The Patriot is the third full length album by the Ukrainian warriors from Holy Blood, after The Wanderer (2002) and Waves Are Dancing (2004) (both of them were re-released in 2005 by their current label). The Wanderer stood for a folkish mixture of Black and Death Metal, while the second release was much more Folk-oriented than the debut. It’s mainly in this vein that The Patriot needs to been defined. This album was originally recorded in 2004-2005, during the Waves Are Dancing-recordings, yet it took another two years before the final mastering was done, and another year for the actual release. Holy Blood, with members of Oskord and Requital, bring about thirty four minutes of melodic Folk Metal with an enormous Black Metal-base. Besides the ‘usual’ instruments, Holy Blood make use of flute, female vocals and symphonic keyboards. Vocally, front man Fedor Buzilevich combines raw, somewhat high-pitched and sore blackish screams, some grunts, and melodic and / or harmonious and / or epic chants. Besides, keyboard player Vera Knyazeva (Fedor’s wife, by the way) adds some female vocals too. The songs are pretty varying and contain both blackish and folkloric parts. The heavier parts are sometimes very brutal and fast, others are more overwhelming and epic, and some are almost Doom-inspired. The Folk-pieces exhale a certain Slavonic atmosphere, which isn’t that unusual in East-Europe, of course. The whole has been performed with a decent dynamism and an organic drive. However, I sometimes get the feeling the band still needs to find its true identity.
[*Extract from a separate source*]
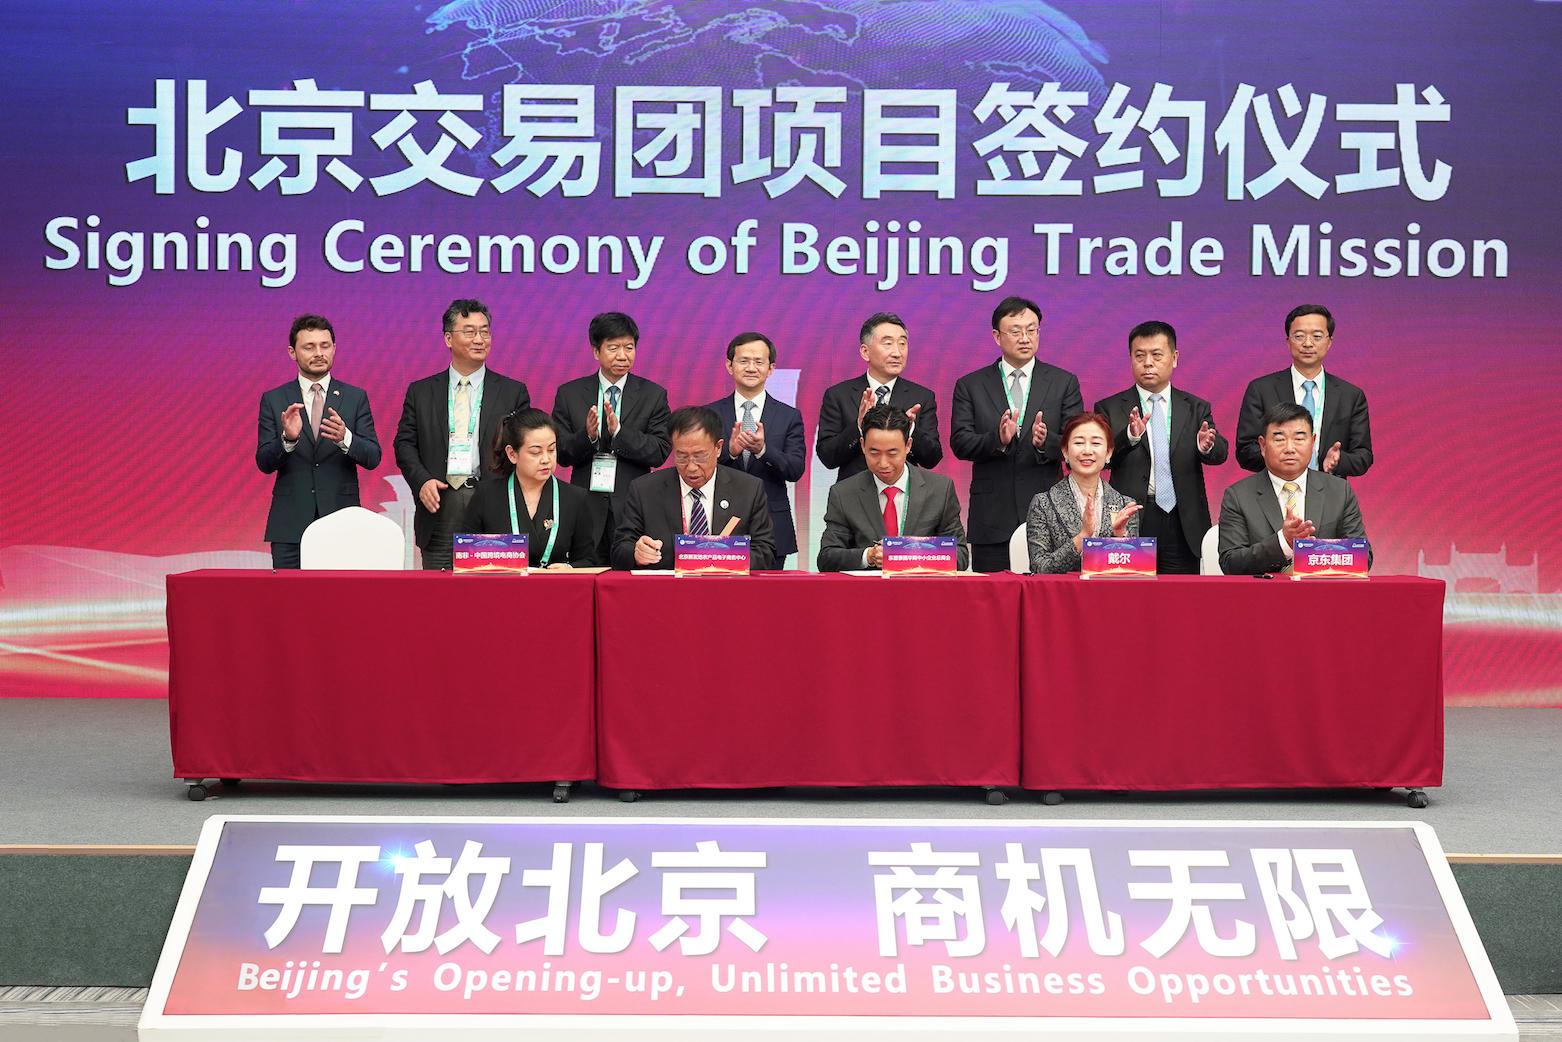 京东与戴尔(中国)有限公司在首届中国国际进口博览会北京市分论坛上签署了战略合作备忘录

Anyway, this release (and same goes for the re-releases of both former albums) is highly recommendable to fans of Eluveitie, Aes Dana, Ensiferum, Kampfar, Falkenbach, Cruachan and Trollech. Interesting fact: this band is a Christian-inspired one (one of the very few I know from Ukraine), which can sometimes be seen within the lyrics.

81/100

Ivan Tibos.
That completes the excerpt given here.